# The Great (Incandescent) Lighbulb Conspiracy



## PhotonWrangler (Aug 31, 2015)

This article from IEEE is an interesting read about the early formation of a lighting cartel, and possibly the first instance of planned obsolescence. This cartel of worldwide lightbulb manufacturers actually worked to shorten the household bulb's lifespan from ~2500 hours to 1000 hours in order to sell more bulbs.


----------



## brickbat (Aug 31, 2015)

Thanks! Lots more interesting stuff on that IEEE Geek site. Who knew the blue LED was invented in the 70's at RCA?


----------



## FRITZHID (Sep 1, 2015)

Hmmmm.... Food for thought..


----------



## SemiMan (Sep 1, 2015)

PhotonWrangler said:


> This article from IEEE is an interesting read about the early formation of a lighting cartel, and possibly the first instance of planned obsolescence. This cartel of worldwide lightbulb manufacturers actually worked to shorten the household bulb's lifespan from ~2500 hours to 1000 hours in order to sell more bulbs.

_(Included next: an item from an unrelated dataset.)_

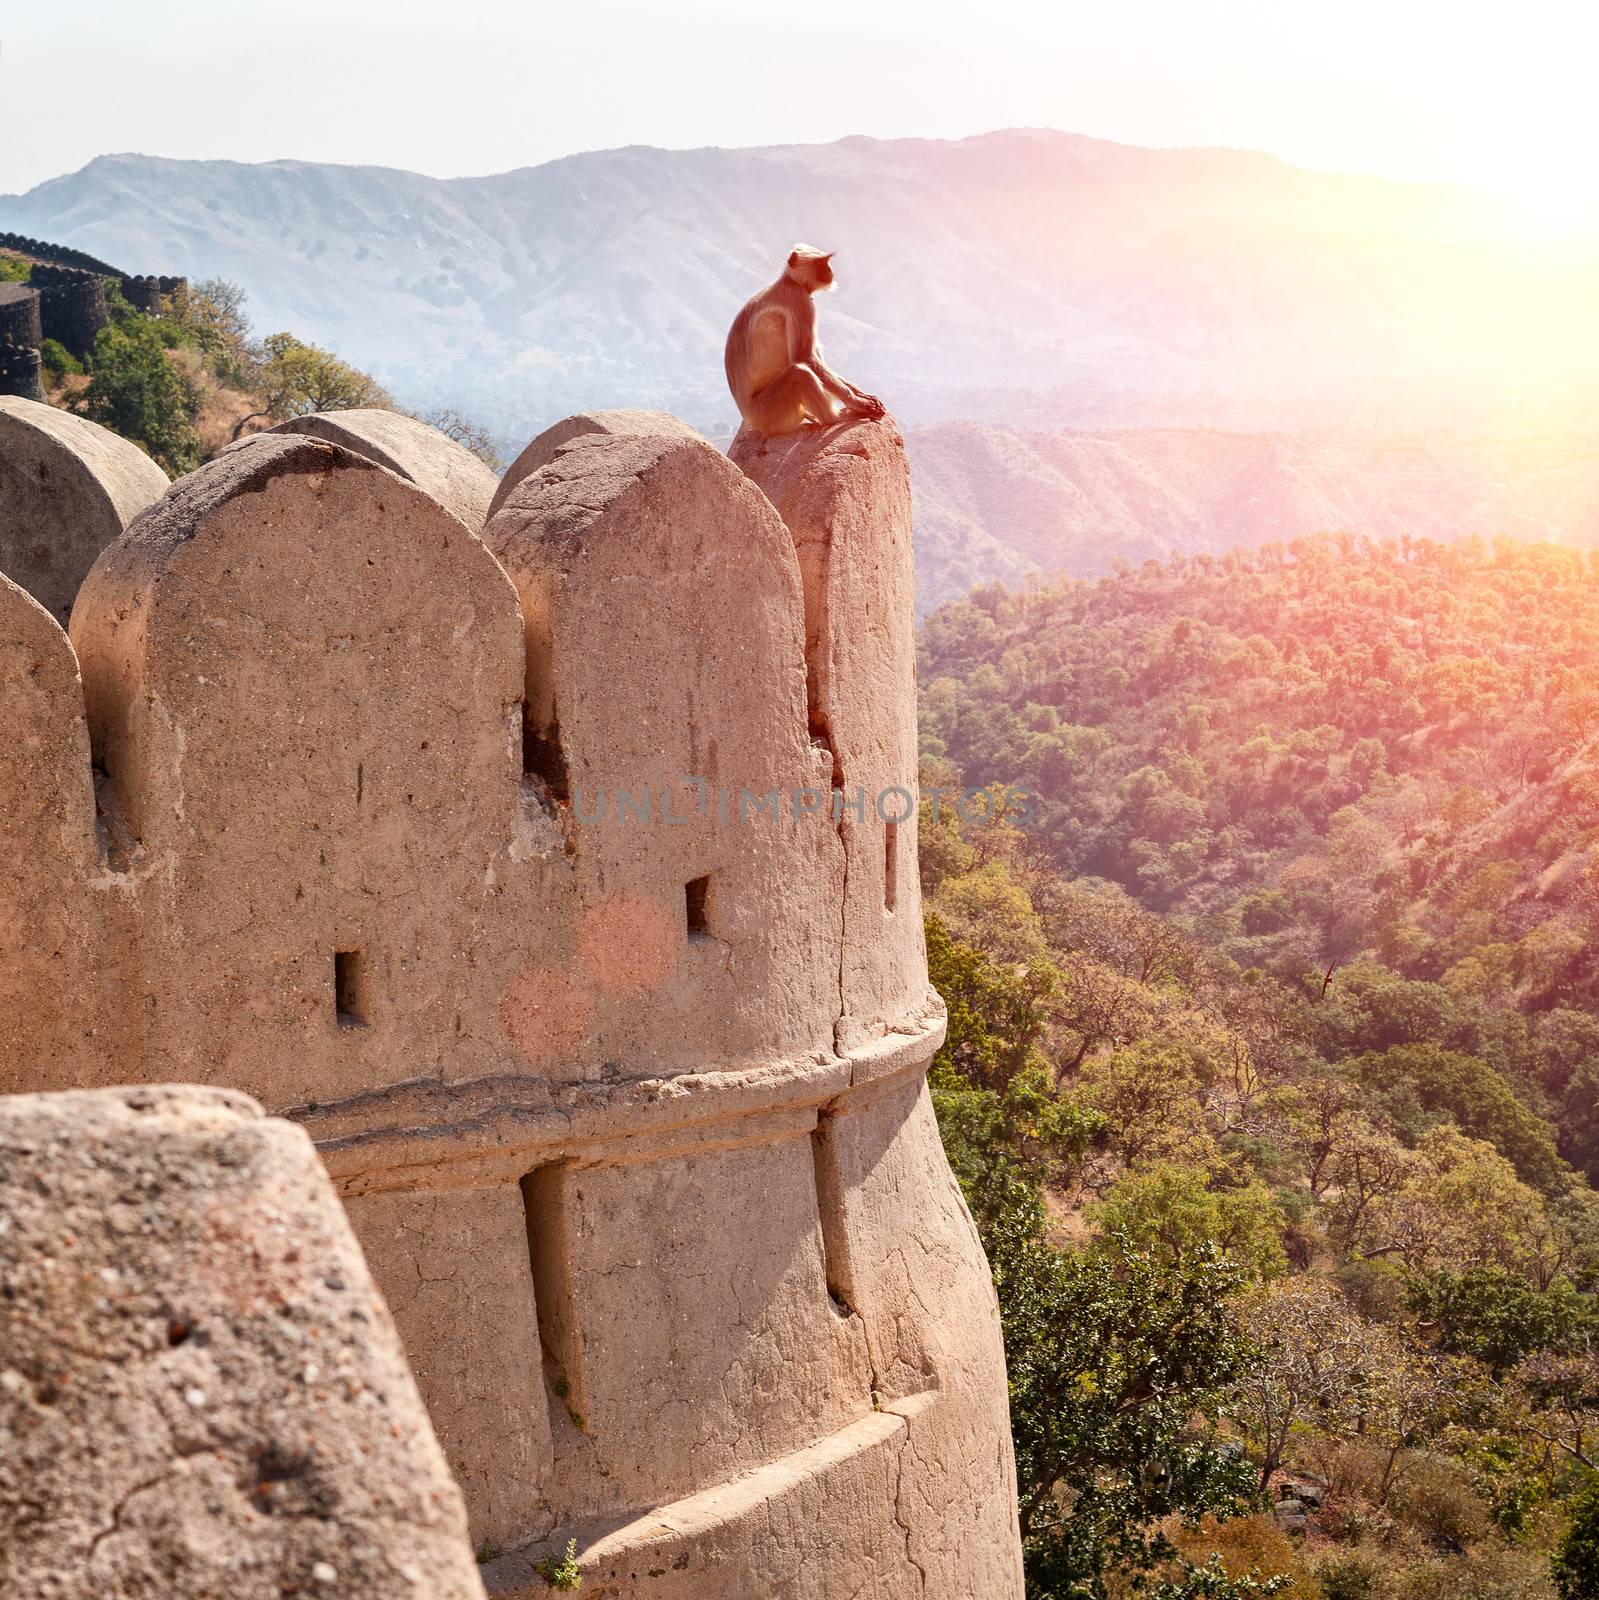 Kumbhalgarh fort, Rajasthan, India.  Kumbhalgarh is a Mewar fortress in the Rajsamand District of Rajasthan state in western India and is known world wide for its great history.

It would be good to read the comments for some knowledgable counterpoint. The article was written by a professor of media studies.

70 years after the cartel ended and bulb life was still 1,000 hours for standard (non-halogen) bulbs. 70 years of engineering, almost no improvement (as suggested the cartel could have done).


----------



## CoveAxe (Sep 1, 2015)

It also completely ignored that you could still buy 10k hour bulbs if you wanted.


----------



## PhotonWrangler (Sep 1, 2015)

CoveAxe said:


> It also completely ignored that you could still buy 10k hour bulbs if you wanted.



Yes, the higher-voltage and/or ruggedized filament bulbs. They do last a lot longer but they're less efficient. I equipped a studio with long-life incandescents because I got tired of replacing regular ones. They were noticeably dimmer for the same rated wattage and they were pricier, but that was the last time I had to replace them.

I think the article was focusing on the regular household bulbs, the bread & butter for the manufacturers.


----------



## CoveAxe (Sep 1, 2015)

> They do last a lot longer but they're less efficient



Yes, that's the point. It's impossible to make a longer lasting incandescent bulb without hurting efficiency. That's why the 1,000 hour lifetime was eventually settled upon: it's a good compromise between efficiency and bulb life.


----------



## yuandrew (Sep 6, 2015)

The "Phoebus" Cartel


----------



## degarb (Nov 25, 2015)

We all know there is no such thing as a conspiracy, 'cause Santa Clause told us so.


----------



## Juggernaut (Dec 24, 2015)

I thought this was going to be about how new LED and Florescent bulbs are more harmful to the environment than old incan bulbs. This instead as has already been noted was just written by someone who doesn’t understand the direct comparison between efficiency and rated life of a tungsten or carbon filament. It’s not a hard concept to grasp, throw just enough voltage to make a filament glow, congrats you’ve got a 1,000,000 hour rated bulb. Just like the old carbon filament bulb being under driven http://www.centennialbulb.org/ seriously it’s all relative an incan’s life is just related to how hard you drive it. I’ve built hotwires that last minuets not hours, those lights where pushing at 50 lumens a watt, while a standard 60 watt 120 volt bulb will be around 10. But guess what it would cost too much for that level of efficiency (in replacements) just as it would cost too much in electricity to run a 100,000 hour long life bulb at .001 watts a lumen. The only conspiracy is that instead of running nuclear energy 100% and only using super green pollution free incan lights we spend billions on toxic super expansive bulbs that don’t help the planet in any way. 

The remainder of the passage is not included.